Sorry, I should have elaborated a bit more. You can of course format the unencrypted block device using whatever filesystem the distro supports, but it has to be done manually from the command line and it isn’t a straightforward operation. Furthermore it has to be done outside of Truecrypt. Create a container, map it (but don’t mount it) and then format that device using mkfs.

The GUI, which is the major selling point in this release, only supports creating FAT32 containers.

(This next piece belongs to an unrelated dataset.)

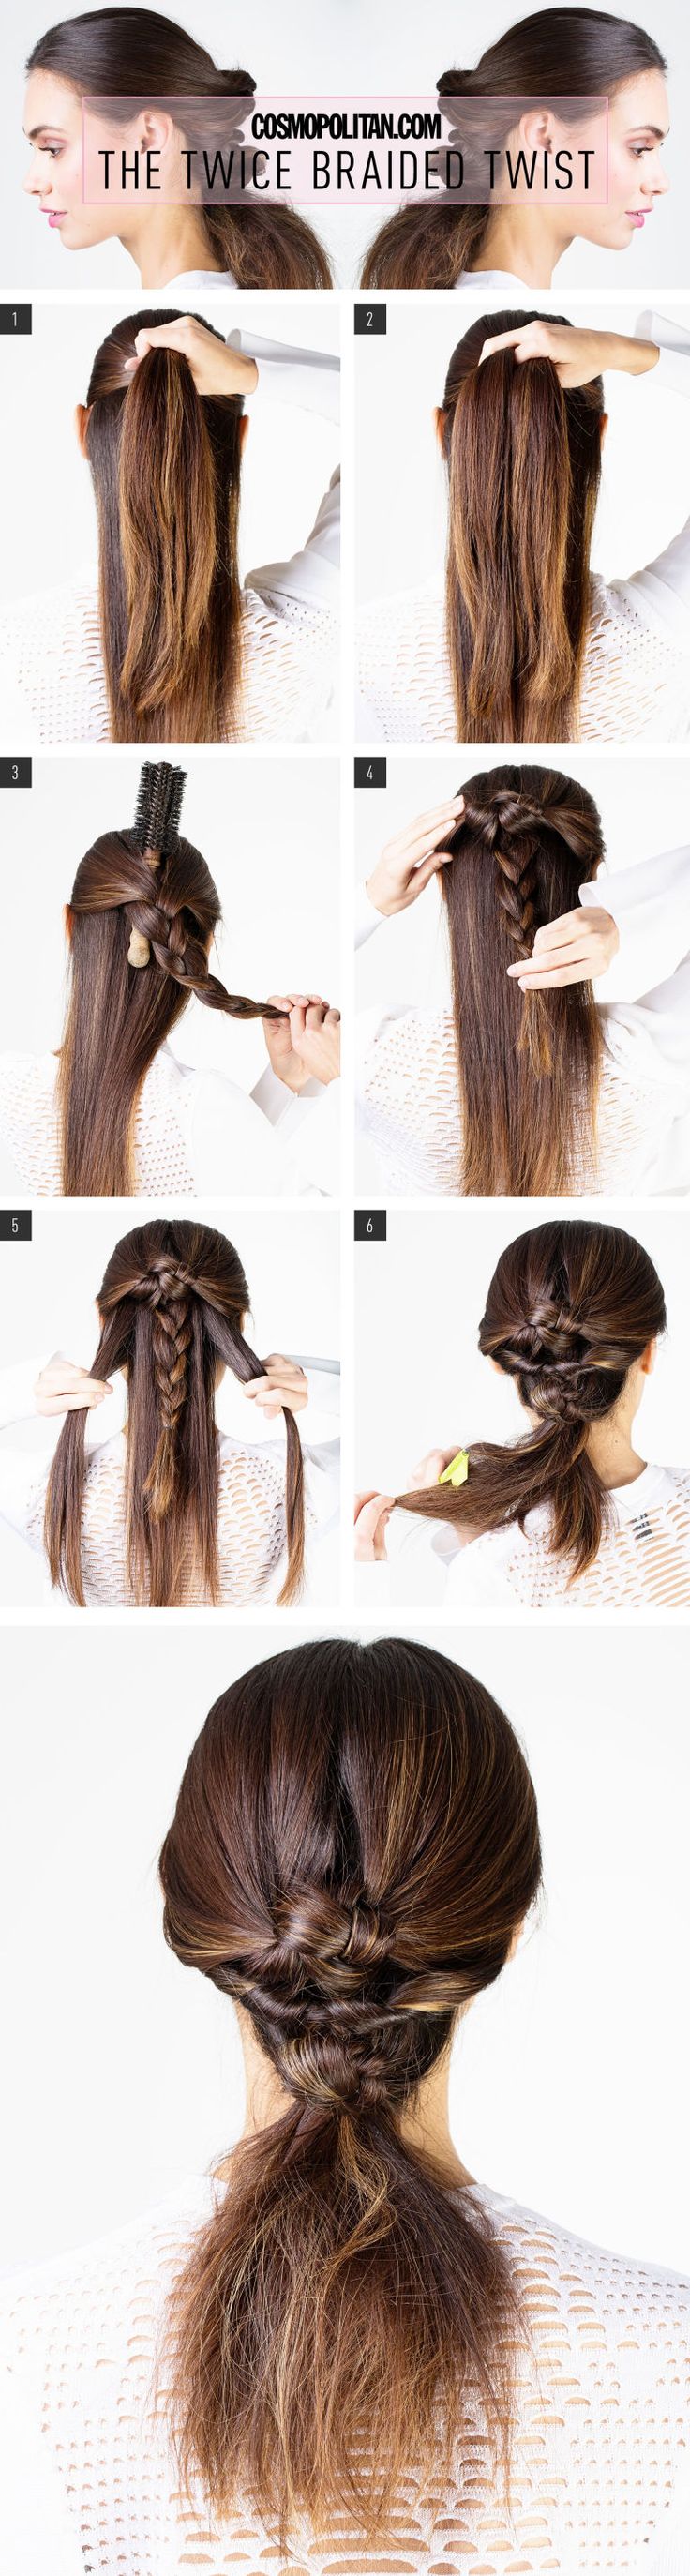 Twisted braid "width =" 458 "class =" size-full wp-image-43096

hidden volume March 4, 2008 8:48 AM

The hidden volume lies in an uninterrupted area of free space whose end is aligned with the end of the outer volume, according to http://www.truecrypt.org/docs/hidden-volume.php and hence the truecrypt’s notion of hidden volume is useless for a whole disk encrytion.

“Why did you have a soooo large free space at end of you truecrypt volume, while last defragmentation has been done 3 years ago ? Now, I will force you to also give the password for the hidden volume.”

It would be different if the truecrypt wizard could mark some blocks of the hidden volume as badblocks, and allocate them to construct a phony file in the outer volume.

Sean O'Hara March 4, 2008 9:02 AM

The best part of Steve Gibson’s review is when he talks about Window’s defrag working faster under TrueCrypt — that’s everything you need to know about Microsoft right there.

JoeHonkie March 4, 2008 9:10 AM

Hidden Volume:

Truecrypt encrypts the space, so even free space is not visible as such to outside eyes. If your encryption product doesn’t even encrypt the free space to obscure information like this, it’s a crappy product.

Paeniteo March 4, 2008 9:13 AM

@hidden volume: “hence the truecrypt’s notion of hidden volume is useless for a whole disk encrytion”

Which is probably why Truecrypt doesn’t support it for whole disk encryption.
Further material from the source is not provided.